S . Typhi is detected using duplex PCR protocol developed by researchers at the University of Washington (Scott Meschke and team) usIng primers and probes targeting the tviB and staG genes (Nair et al., 2019).

tviB _F 5’TGTGGTAAAGGAACTCGGTAAA-3’;

tvi B_R 5’-GACTTCCGATACCGGGATAATG-3’;

tvi B_P HEX - TGGATGCCGAAGAGGTAAGACGAGA-BHQ1;

sta G ___ F 5’- CGCGAAGTCAGAGTCGACATAG-3’;

sta G ___ R 5’-AAGACCTCAACGCCGATCAC-3’;

sta G ___ P FAM-5’-CATTTGTTCTGGAGCAGGCTGACGG-3’-BHQ1

The reaction mixture contain 0.65 µl of tviB_F (20µM), 0.75 µl each of tviB_R (20µM), staG_F(20µM),and staG_R (20µm), 0.5 µl each of the probe tviB_P (10µM) and staG_P (10 µM), 12.5 µl of SsoAdvanced Universal Probes Supermix (Bio-rad), and 5 µl of DNA in a final volume of 25 µl. The PCR reaction conditions include initial denaturation at 95^oC for 5 min, followed by 45 cycles of 95^oC 30 sec, 64^oC 30 sec, 72^oC 10 sec, and final extension at 72^oC for 5 min.

Detection of S . Paratyphi A

S . Paratyphi A Is detected using primers and probe targeting SPA2308 (Nga et al., 2010)
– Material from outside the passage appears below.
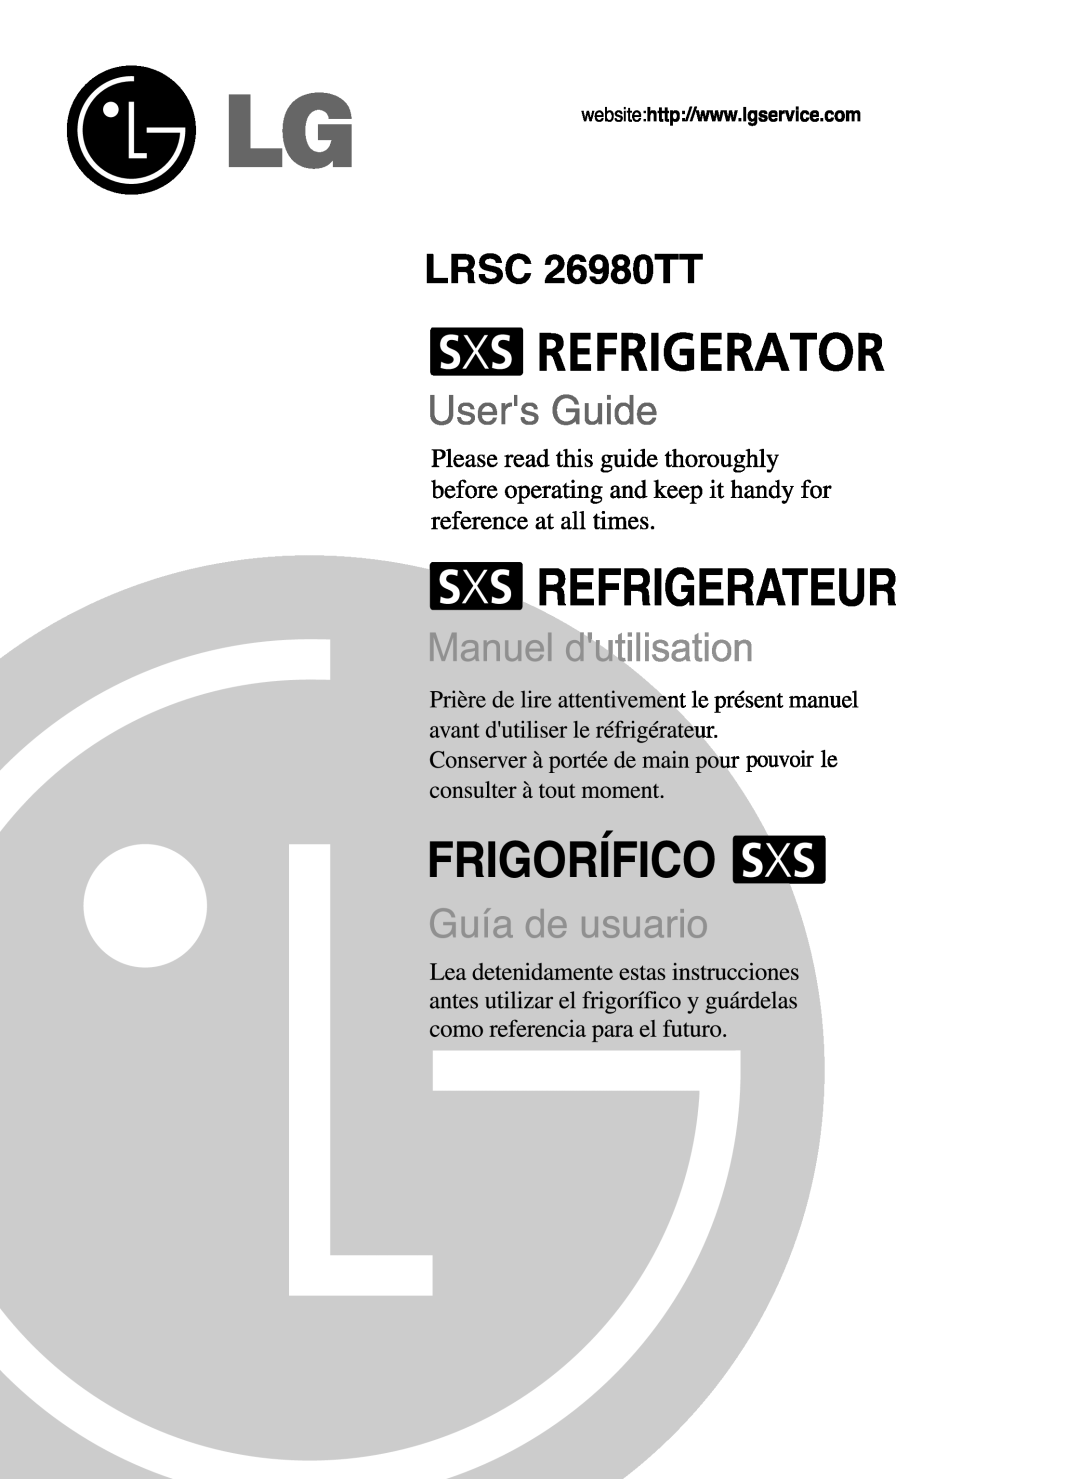 LG Electronics LRSC 26980TT manual

SPA2308_F 5’- ACGATGATGACTGATTTATCGAAC-3’;

SPA2308_R5’-TGAAAAGATATCTCTCAGAGCTGG-3’;

SPA2308_PCY5 - CCCATACAATTTCATTCTTATTGAGAATGCGC-BHQ2

The reaction mixture containing 1 µl of each primer (10µM), 0.4 µl of probe (10µM), 200µM of dNTPs, 5mM of MgCl2, 5U of HotStar Taq DNA polymerase (Qiagen), and 5 µl of DNA in a final reaction volume of 25 µl. The PCR reaction conditions include initial denaturation at 95^oC for 5 min, followed by 45 cycles of 95^oC 30 sec, 60^oC 30 sec, 72^oC 30 sec, and final extension at 72^oC for 10 min.